94.9 The Rock (CKGE-FM), serving Greater Toronto and Oshawa, is doubling down on its rock star talent, announcing that Christian Tanna of I Mother Earth is taking over hosting duties of the Durham Radio station’s new and emerging artist spotlight, Generation Next Radio.
“I’ve always wanted to work with the amazing crew at 94.9 The Rock in some capacity,” said Tanna in a station announcement. “Helping with the development of up and coming artists and bands, getting eyes and ears on them, is something I’ve always done in my career. Generation Next is about the best platform you could ask for to continue promoting emerging Canadian talent of the future so…I’m in.”

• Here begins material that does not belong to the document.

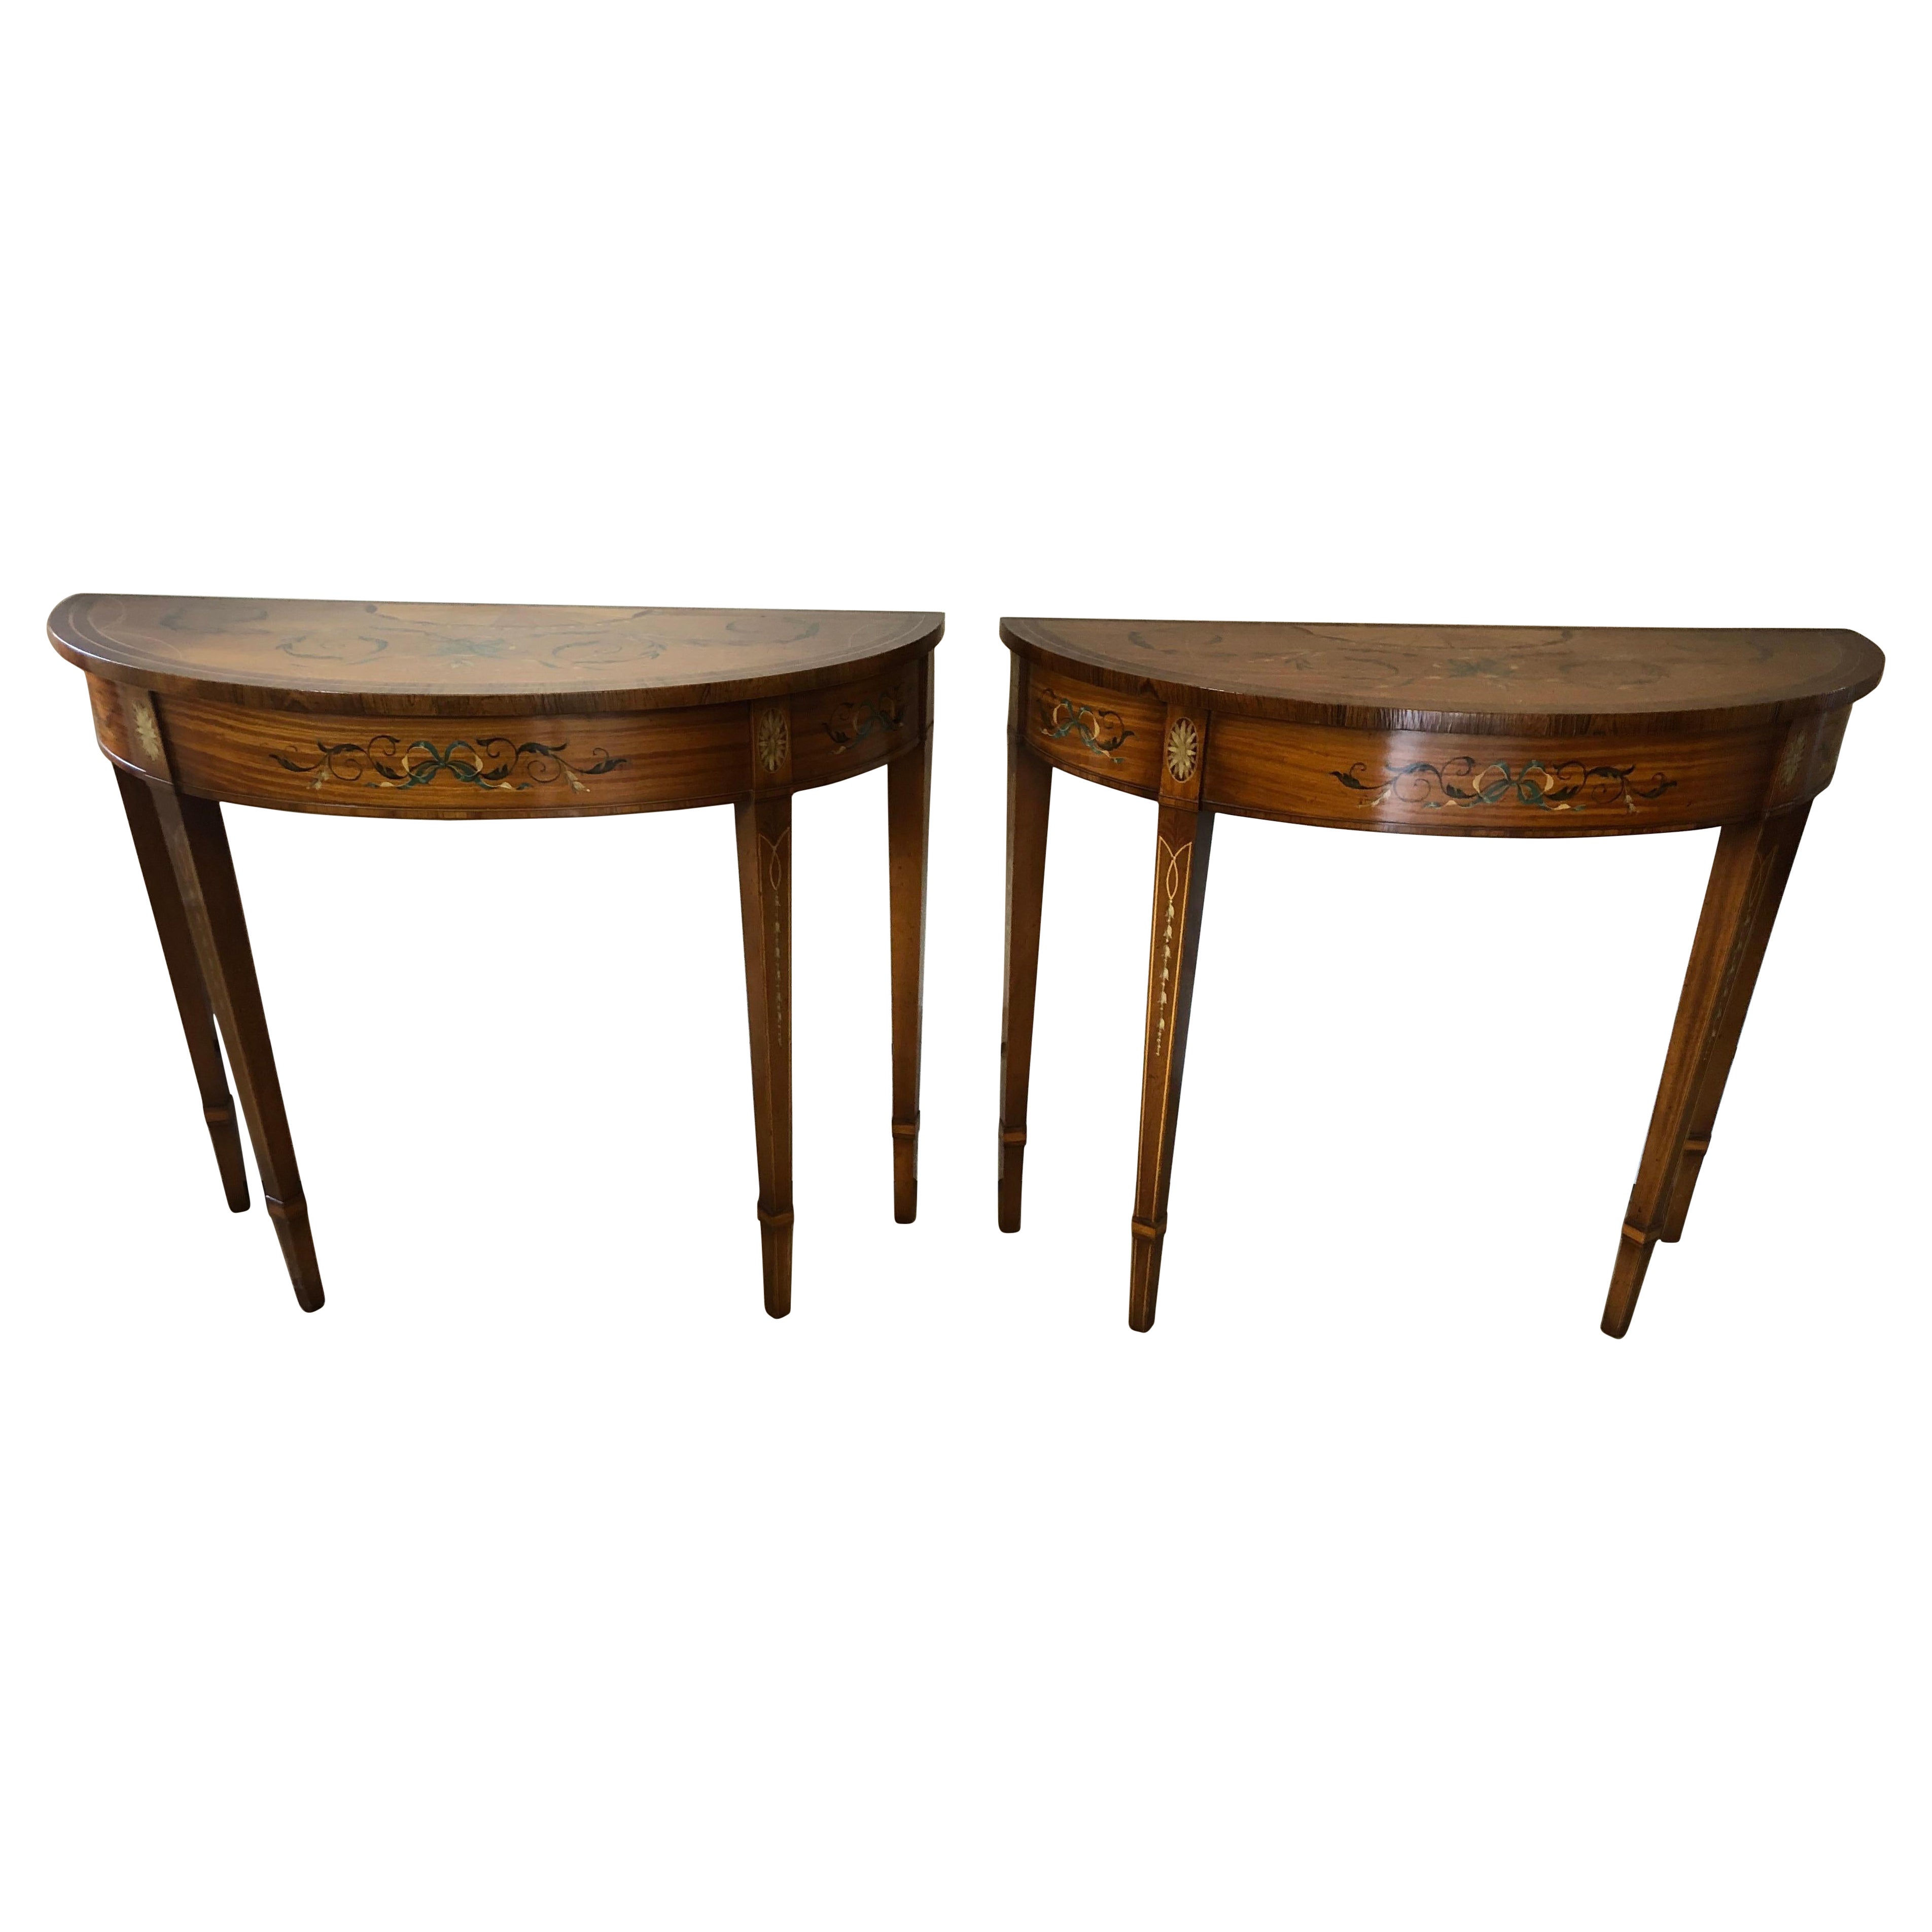 Gorgeous Stately Pair of Adams Style Demilune Console Tables

Tanna, who grew up in Peterborough, formed I Mother Earth with his brother Jagori and singer Edwin in 1990. Since the band’s initial break-up in 2004, the drummer has been working as an artist and event manager and promoter, including managing the Oshawa Music Hall and The Venue in Peterborough.
He’ll be heard weeknights at 8 p.m. and weekends at 11 a.m. and 8 p.m., starting Nov. 7. Tanna takes over from in-demand music producer/mixer/engineer Brian Moncarz, who is stepping away from the show after a decade.
Tanna joins Cone McCaslin of Sum 41 on the 94.9 The Rock lineup, who joined the station in April with Sunday night music discovery show, Cone’s Cave, dedicated to punk, garage rock and metal.
“For me, it’s just working with people who have a big passion for radio,” said 94.9 The Rock Program Director Doug Elliott. “These are musicians who are big fans of radio and so it’s easy to take that passion and say ‘here, share that passion with the people who love that music.'”
“With Christian, he’s always been passionate about developing new and emerging talent. We already had a show in place, so it’s a perfect time to transition with Brian busy doing other stuff,” Elliott added.
Elliott said there’s been great listener momentum behind McCaslin’s show since its debut.
“It’s the only place you can get punk and garage rock and metal and it’s perfectly curated. If you like that power punk of the early 2000s, like Sum 41, Billy Talent, Blink 182, all the way to Judas Priest, Pennywise and the Dead Kennedys…these are bands nobody wants to play, but everybody knows. It’s all the stuff musicians like Dave Grohl listened to as kids,” said Elliott. “The momentum is absolutely mammoth for Cone’s Cave. People who follow it are rapid. It’s a must tune-in program, we don’t have it on demand anywhere…we’ve made it a Sunday night must-listen.”
“It’s nice to be expanding station personalities at a time when everybody else seems to be doing multi-track, multi-market stuff,” he added.